--- DIRECTIONS FOR THIS TASK ---
Take the lines from the one with "THPT FPT Cần" through the end of the material below and repeat them exactly, dropping every picture.

--- INFORMATION PROVIDED ---

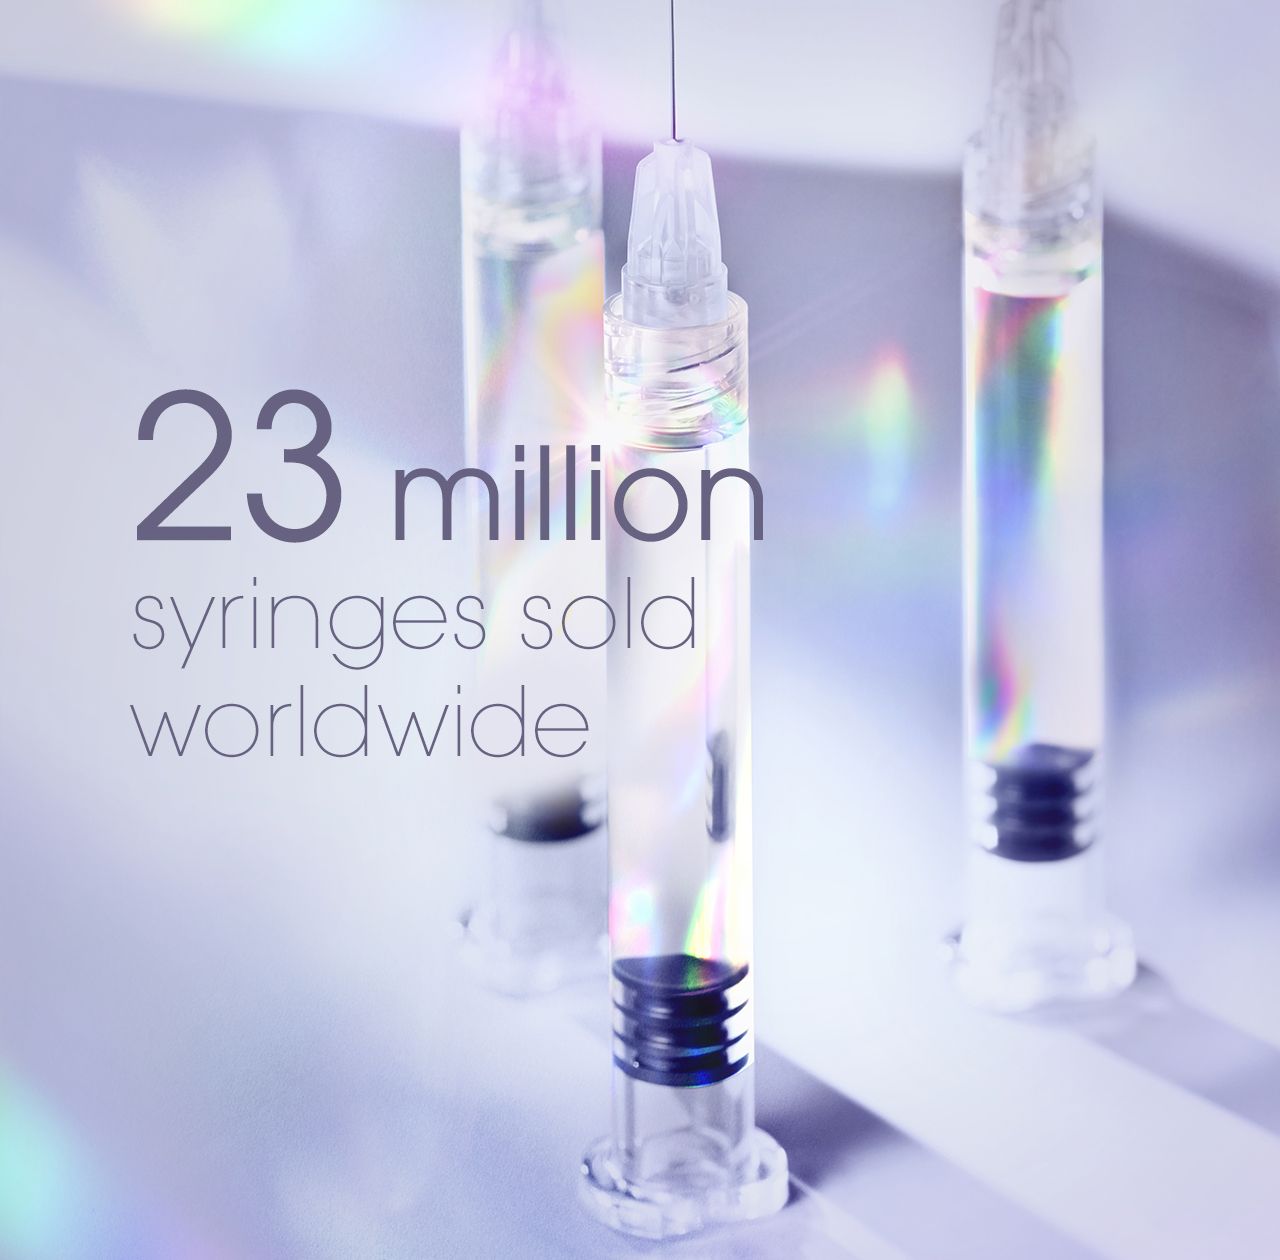 Teoxane - 23 million syringes sold worldwide.
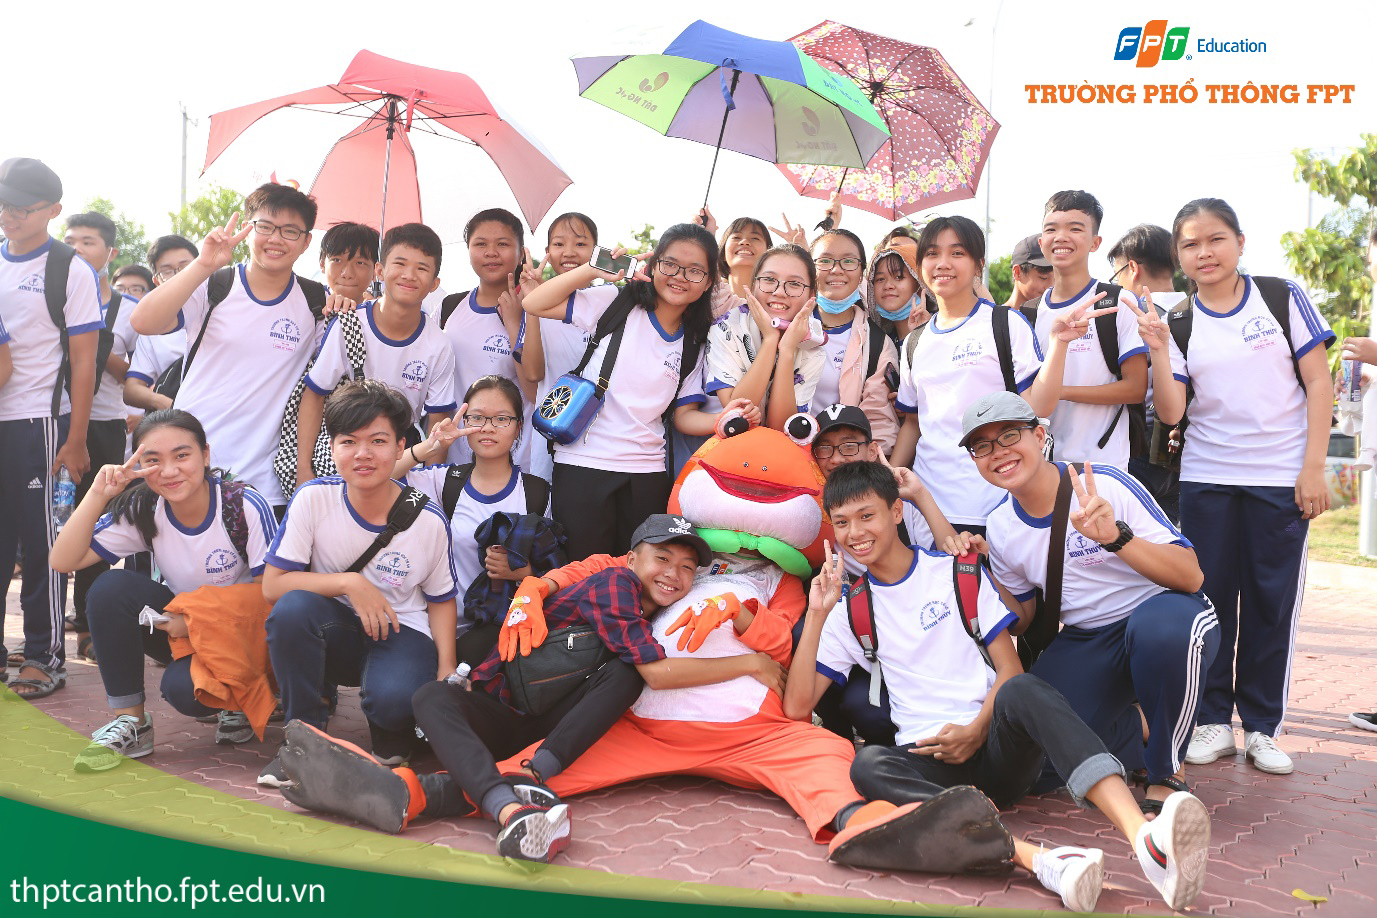 THPT FPT Cần Thơ tổ chức Big Open Day đầu tiên dành cho học sinh THCS tại khu vực Đồng bằng sông Cửu Long
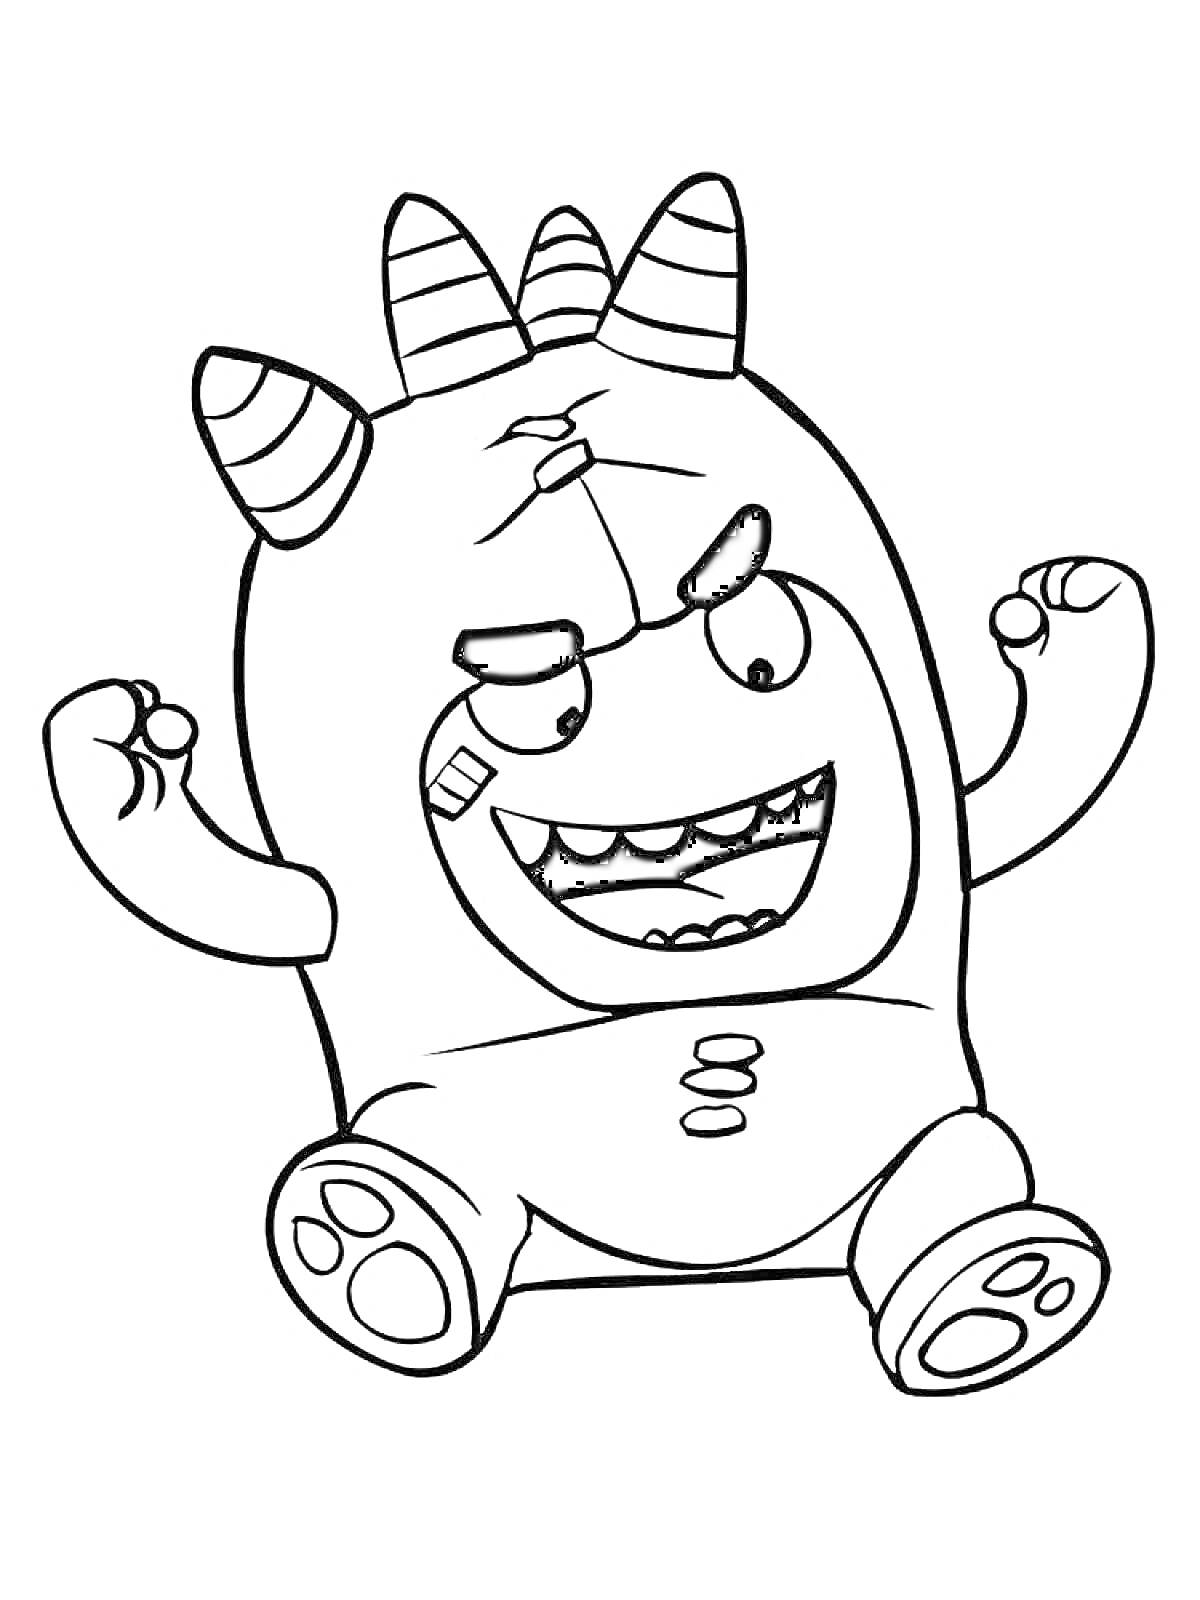 Раскраска Чудик с тремя полосатыми рожками, сидящий со взъерошенными зубами и поднятыми руками

--- RESULT FOR THIS TASK ---
 THPT FPT Cần Thơ tổ chức Big Open Day đầu tiên dành cho học sinh THCS tại khu vực Đồng bằng sông Cửu Long
 Раскраска Чудик с тремя полосатыми рожками, сидящий со взъерошенными зубами и поднятыми руками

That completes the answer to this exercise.